Selain itu bobroknya demokrasi di Papua terjadi karena minimnya pengetahuan dari penyelenggara, hal ini dikatakan karena melihat proses pilkada di Kabupaten Jayapura, dimana masih terdapat adanya pemilu sistem noken. Padahal jelas-jelas bahwa yang menyelenggarakan sistem noken hanya wilayah DOB itupun ada sebagian DOB menyelenggarakan Pemilu langsung.
“Dari sini kita lihat bahwa penyelenggara di Papua ini belum bekerja secara maksimal, bagaimana mungkin Kabupaten Jayapura yang aksesnya dekat dengan provinsi masih lakukan sistem noken berarti sosialisasi KPU sangat minim,” tuturnya. Sehingga Methodeus berharap adanya evaluasi secara total terhadap internal penyelenggara pemilu di Papua, sehingga adanya perubahan untuk Pemilu yang akan datang.

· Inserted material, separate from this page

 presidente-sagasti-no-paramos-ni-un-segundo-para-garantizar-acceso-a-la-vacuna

Termasuk juga dalam hal mendata pemilih, sebagian di Papua masih adanya pemilih yang tidak terdata, kalaupun terdata tidak sesuai dengan alamat tinggal. Ini juga menjadi catatan internal KPU. KPU pusat wajib memberikan bimtek ataupun evaluasi terhadap jajarannya ditingkat bawah.

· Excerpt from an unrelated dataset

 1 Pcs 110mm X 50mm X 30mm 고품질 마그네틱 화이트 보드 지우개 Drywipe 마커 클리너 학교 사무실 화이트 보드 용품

“Jangan sampai setiap pesta demokrasi kita hanya mempertontonkan masalah yang sama, jadi saya harap harus di evaluasi,” saran Methodeus.Kemudian ia menyarankan pemerintah pusat dalam hal ini Presiden Prabowo Subianto dimasa kepemimpinannya sekarang betul-betul memperhatikan masalah pelaksanaan Pilkada. Sebab yang terjadi saat ini hampir sebagian besar penyelenggara tidak bekerja secara independen.

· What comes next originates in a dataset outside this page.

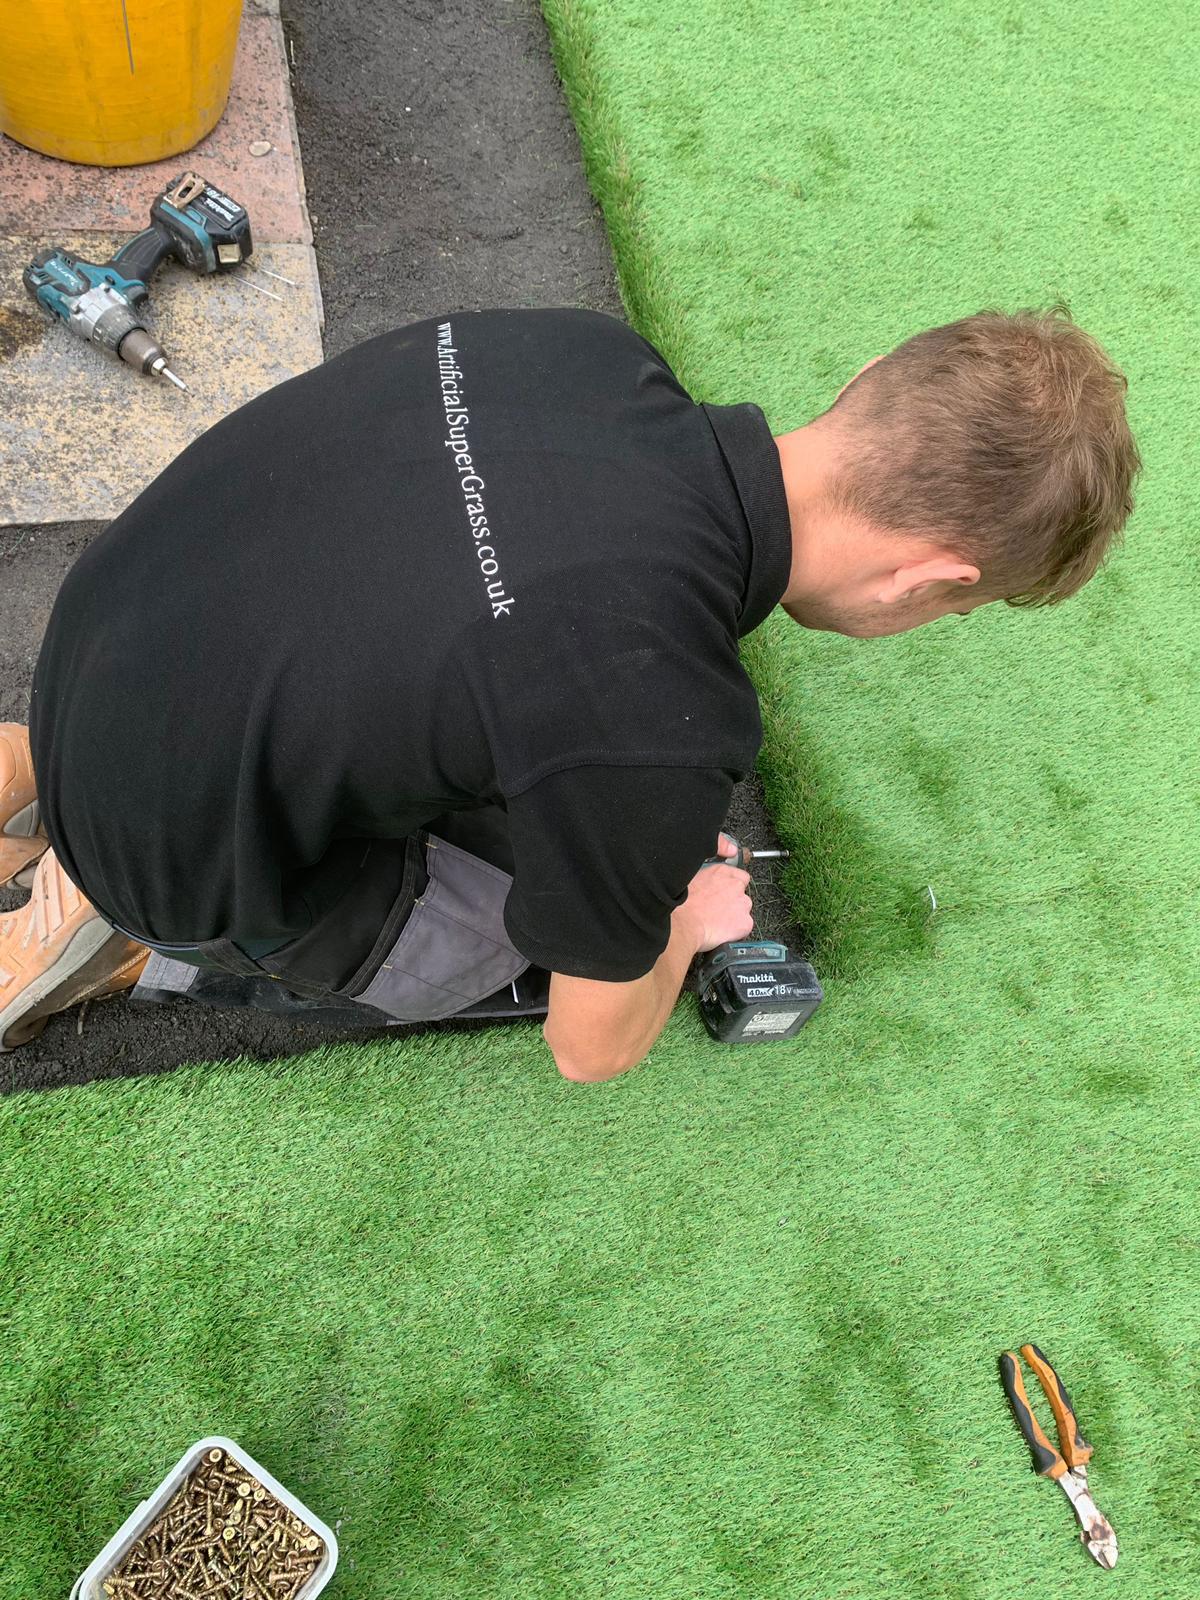 Fake Grass For Dogs Barton Upon Humber Artificial Super Grass

Ketidakindependensi penyelenggara karena pengaruh kepentingan politik. Sehingga penyelenggara disetiap daerah bahkan pusat lahir atas kepentingan politik. “Sekarang ini penyelenggara KPU tidak ada yang betul-betul masuk karena hasil seleksi yang normal, tapi mereka semua ada dibangku KPU karena titipan politik, sehingga tidak jarang hasil demokrasi kita tidak bersih,” tandasnya.